## ASSIGNED TASK
Copy out exactly the stretch of the listing below that begins at the line containing "Arquitectura en la época de la Reforma" and ends at the line containing "青森中三サテライト店 フロアマップ", and copy nothing outside it.
#####
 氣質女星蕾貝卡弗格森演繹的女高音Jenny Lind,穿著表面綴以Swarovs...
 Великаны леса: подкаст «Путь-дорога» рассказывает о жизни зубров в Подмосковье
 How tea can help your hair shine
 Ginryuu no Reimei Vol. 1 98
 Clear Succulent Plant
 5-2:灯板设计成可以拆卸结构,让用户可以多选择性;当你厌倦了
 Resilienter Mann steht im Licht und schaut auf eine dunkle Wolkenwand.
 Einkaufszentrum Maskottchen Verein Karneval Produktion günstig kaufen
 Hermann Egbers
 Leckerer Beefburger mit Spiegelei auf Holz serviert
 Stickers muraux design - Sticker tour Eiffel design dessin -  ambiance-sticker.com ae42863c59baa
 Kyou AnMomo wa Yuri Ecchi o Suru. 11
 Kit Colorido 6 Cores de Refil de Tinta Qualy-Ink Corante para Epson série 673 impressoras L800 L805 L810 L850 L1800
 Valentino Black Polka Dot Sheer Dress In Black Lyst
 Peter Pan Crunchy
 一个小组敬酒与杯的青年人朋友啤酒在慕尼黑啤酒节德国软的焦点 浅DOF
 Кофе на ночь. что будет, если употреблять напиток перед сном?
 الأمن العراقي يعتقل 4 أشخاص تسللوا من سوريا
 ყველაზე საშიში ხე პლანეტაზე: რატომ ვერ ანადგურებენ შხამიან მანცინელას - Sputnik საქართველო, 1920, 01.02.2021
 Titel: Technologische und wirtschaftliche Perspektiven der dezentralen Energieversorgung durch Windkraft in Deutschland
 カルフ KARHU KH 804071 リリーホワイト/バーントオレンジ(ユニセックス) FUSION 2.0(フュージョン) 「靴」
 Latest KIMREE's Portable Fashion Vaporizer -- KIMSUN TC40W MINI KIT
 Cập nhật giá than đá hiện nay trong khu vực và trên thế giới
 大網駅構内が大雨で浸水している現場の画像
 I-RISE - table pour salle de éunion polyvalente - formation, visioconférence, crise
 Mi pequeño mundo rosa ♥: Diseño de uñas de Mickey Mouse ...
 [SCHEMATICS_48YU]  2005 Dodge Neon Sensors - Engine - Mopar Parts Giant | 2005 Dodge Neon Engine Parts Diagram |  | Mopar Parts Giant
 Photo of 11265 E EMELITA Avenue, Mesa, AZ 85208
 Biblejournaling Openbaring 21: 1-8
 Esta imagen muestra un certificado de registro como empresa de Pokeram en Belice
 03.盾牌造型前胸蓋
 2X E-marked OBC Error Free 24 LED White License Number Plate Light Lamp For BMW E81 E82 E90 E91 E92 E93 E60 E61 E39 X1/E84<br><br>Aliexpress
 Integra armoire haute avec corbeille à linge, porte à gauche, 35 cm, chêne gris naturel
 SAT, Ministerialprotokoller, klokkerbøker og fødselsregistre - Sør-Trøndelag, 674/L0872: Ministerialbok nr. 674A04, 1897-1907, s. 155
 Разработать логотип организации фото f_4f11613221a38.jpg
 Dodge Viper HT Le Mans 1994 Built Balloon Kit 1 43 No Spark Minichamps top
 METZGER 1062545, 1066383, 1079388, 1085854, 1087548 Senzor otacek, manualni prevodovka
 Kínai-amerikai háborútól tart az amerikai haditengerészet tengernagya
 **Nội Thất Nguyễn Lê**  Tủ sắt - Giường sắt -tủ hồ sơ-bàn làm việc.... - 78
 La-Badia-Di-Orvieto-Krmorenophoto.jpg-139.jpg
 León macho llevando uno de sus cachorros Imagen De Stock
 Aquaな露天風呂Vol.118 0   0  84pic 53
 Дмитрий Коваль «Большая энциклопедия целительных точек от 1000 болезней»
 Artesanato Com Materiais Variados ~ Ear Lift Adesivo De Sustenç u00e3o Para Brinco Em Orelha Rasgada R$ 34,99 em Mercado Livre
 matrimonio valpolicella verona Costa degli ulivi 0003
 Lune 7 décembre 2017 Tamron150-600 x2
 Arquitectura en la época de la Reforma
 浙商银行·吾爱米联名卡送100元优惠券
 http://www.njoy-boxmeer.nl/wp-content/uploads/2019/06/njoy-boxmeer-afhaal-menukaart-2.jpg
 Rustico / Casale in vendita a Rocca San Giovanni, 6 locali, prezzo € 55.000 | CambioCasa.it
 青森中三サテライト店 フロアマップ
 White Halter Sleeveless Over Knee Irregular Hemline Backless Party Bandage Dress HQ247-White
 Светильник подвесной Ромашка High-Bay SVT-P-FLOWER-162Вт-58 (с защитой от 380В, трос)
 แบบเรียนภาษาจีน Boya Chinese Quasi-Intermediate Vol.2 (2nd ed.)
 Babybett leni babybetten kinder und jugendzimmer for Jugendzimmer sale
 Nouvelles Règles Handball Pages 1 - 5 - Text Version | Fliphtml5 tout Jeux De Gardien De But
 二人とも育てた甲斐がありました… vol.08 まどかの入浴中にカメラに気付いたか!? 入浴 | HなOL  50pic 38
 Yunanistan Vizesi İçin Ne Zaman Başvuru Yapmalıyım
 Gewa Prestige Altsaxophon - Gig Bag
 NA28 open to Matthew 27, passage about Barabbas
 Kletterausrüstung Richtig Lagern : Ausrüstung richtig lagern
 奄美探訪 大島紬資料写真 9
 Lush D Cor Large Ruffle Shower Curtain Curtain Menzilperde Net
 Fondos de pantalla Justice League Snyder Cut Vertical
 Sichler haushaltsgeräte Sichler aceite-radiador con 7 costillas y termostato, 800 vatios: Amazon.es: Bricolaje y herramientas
#####
## SOLUTION TO THE EXERCISE
 Arquitectura en la época de la Reforma
 浙商银行·吾爱米联名卡送100元优惠券
 http://www.njoy-boxmeer.nl/wp-content/uploads/2019/06/njoy-boxmeer-afhaal-menukaart-2.jpg
 Rustico / Casale in vendita a Rocca San Giovanni, 6 locali, prezzo € 55.000 | CambioCasa.it
 青森中三サテライト店 フロアマップ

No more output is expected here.